**Extracted material:**
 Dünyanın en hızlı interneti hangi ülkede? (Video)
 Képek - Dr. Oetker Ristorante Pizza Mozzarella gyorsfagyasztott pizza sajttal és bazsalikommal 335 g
...
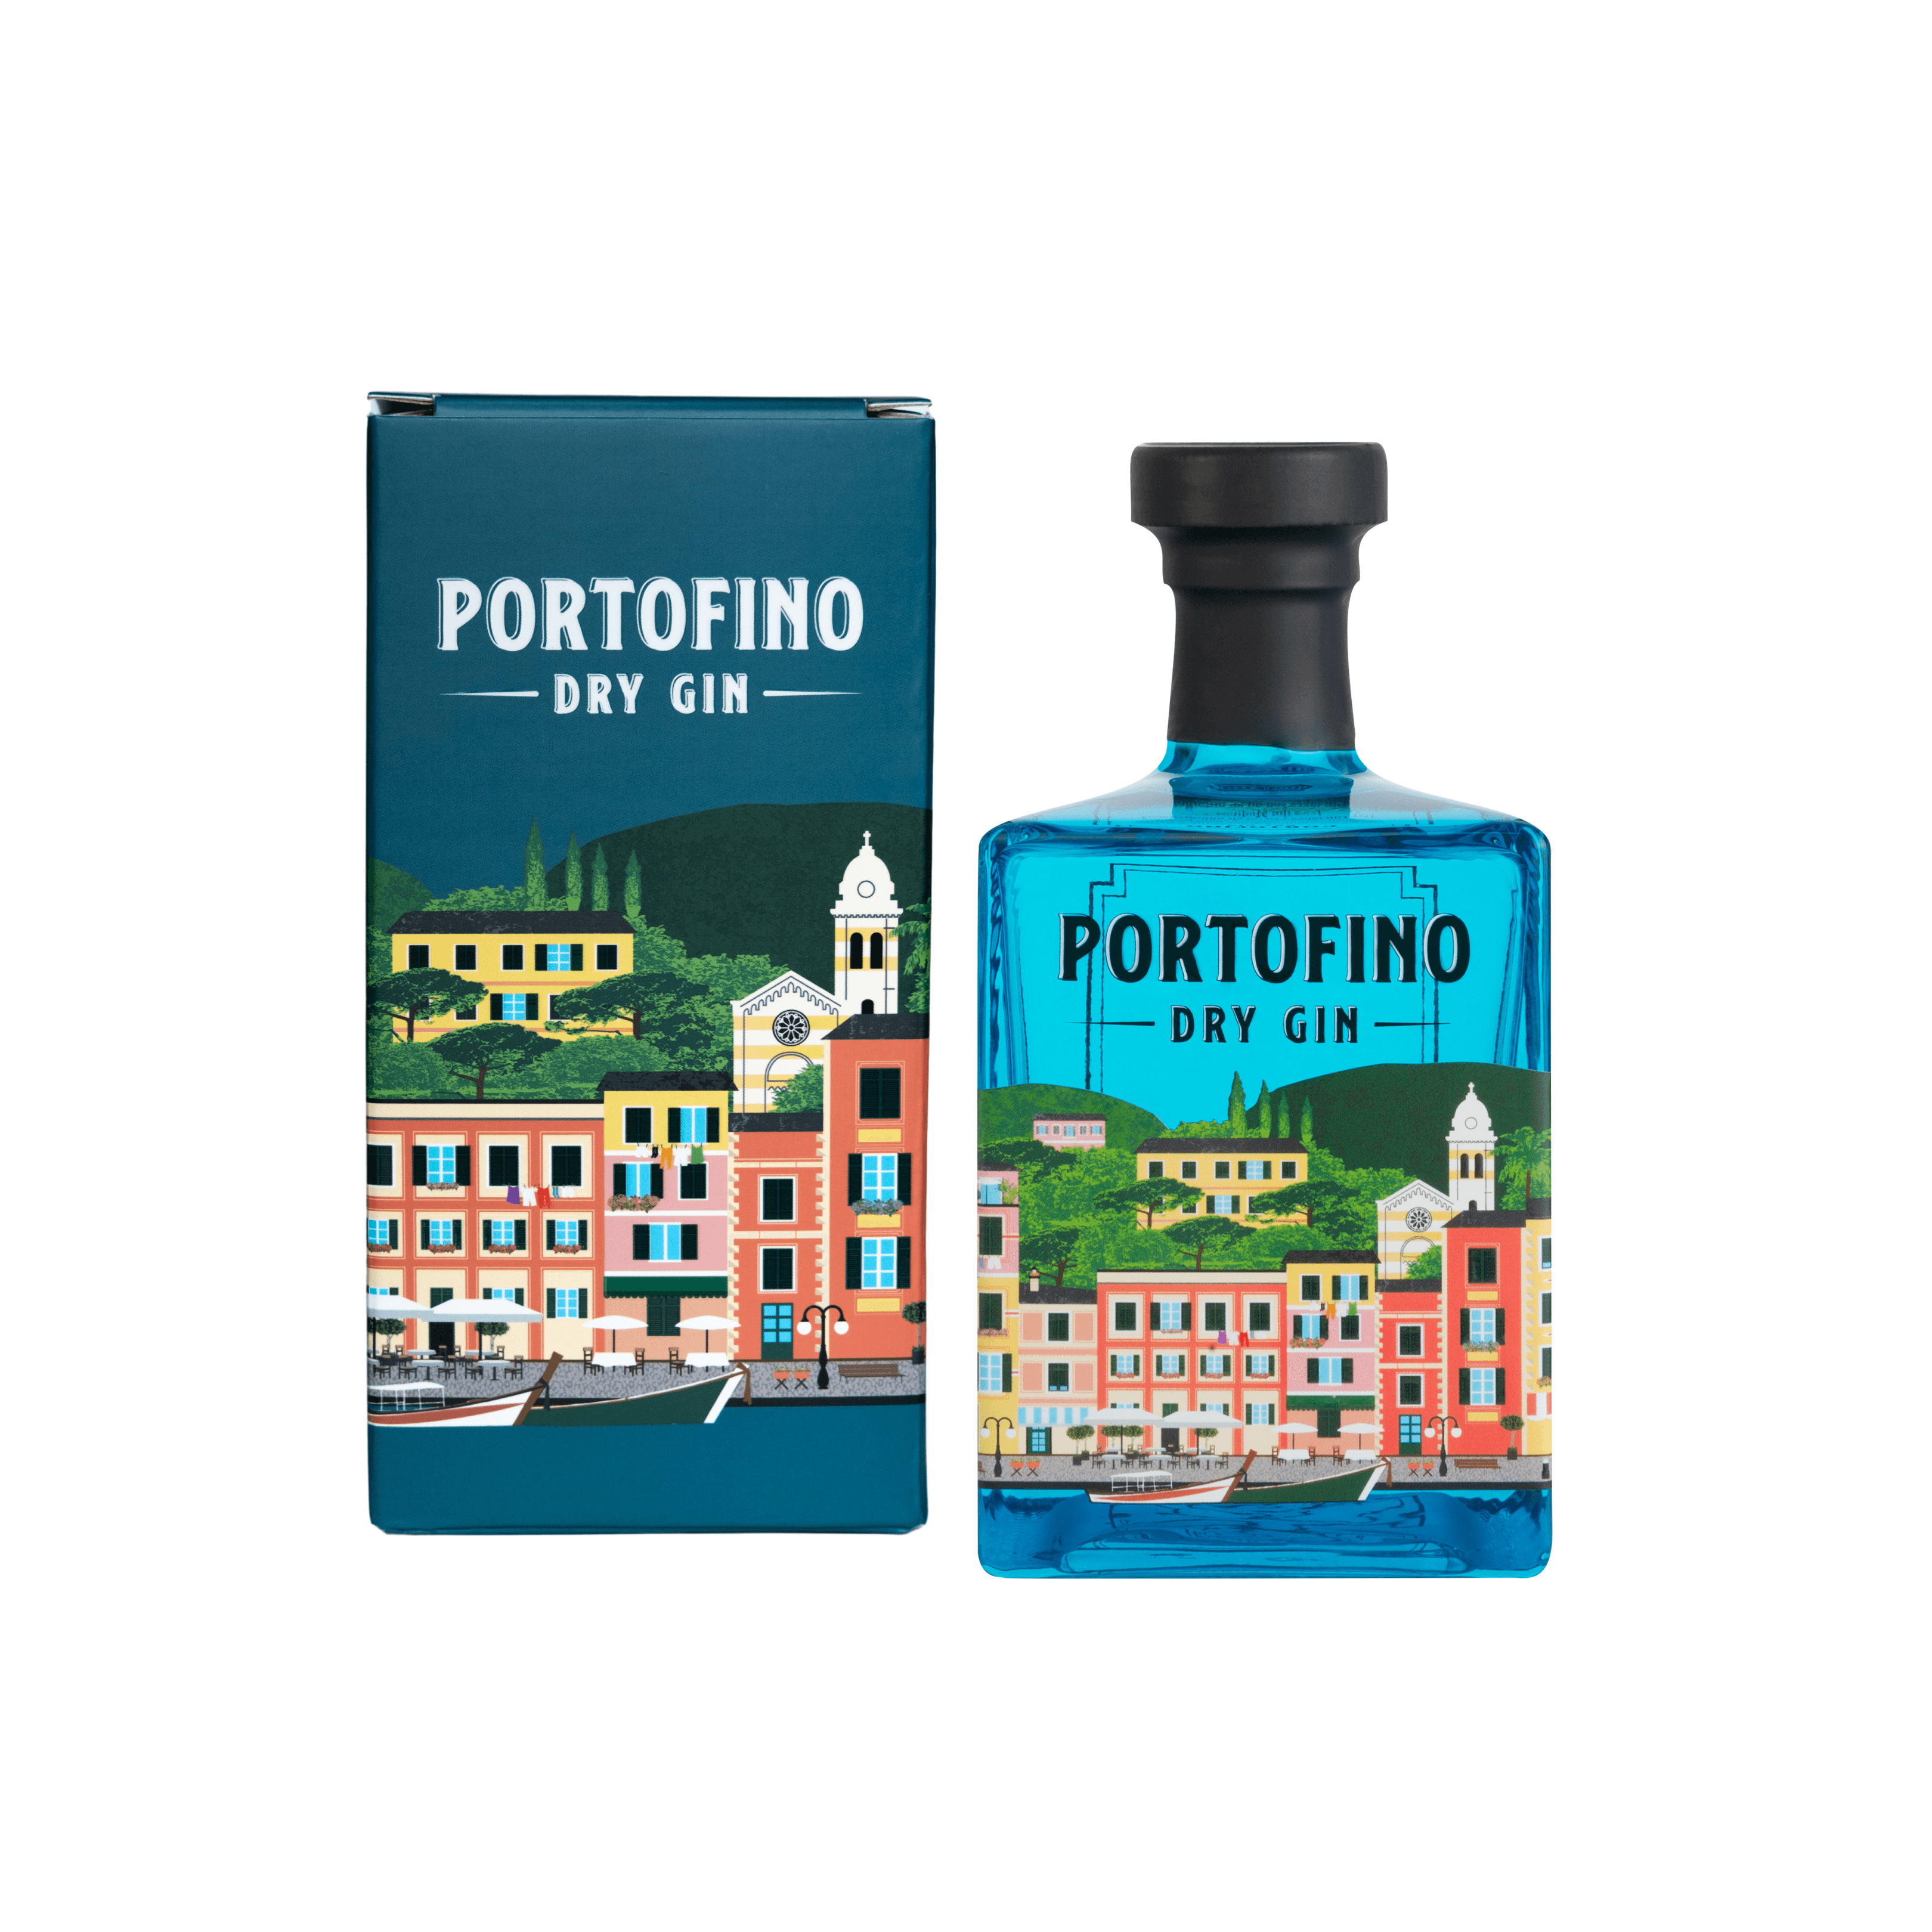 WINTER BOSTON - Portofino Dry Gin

**Required action:** Set down precisely the lines above between the line holding "Dünyanın en hızlı" and the line holding "Képek - Dr.", inclusive, and nothing beyond them.

**Solution to this task:**
 Dünyanın en hızlı interneti hangi ülkede? (Video)
 Képek - Dr. Oetker Ristorante Pizza Mozzarella gyorsfagyasztott pizza sajttal és bazsalikommal 335 g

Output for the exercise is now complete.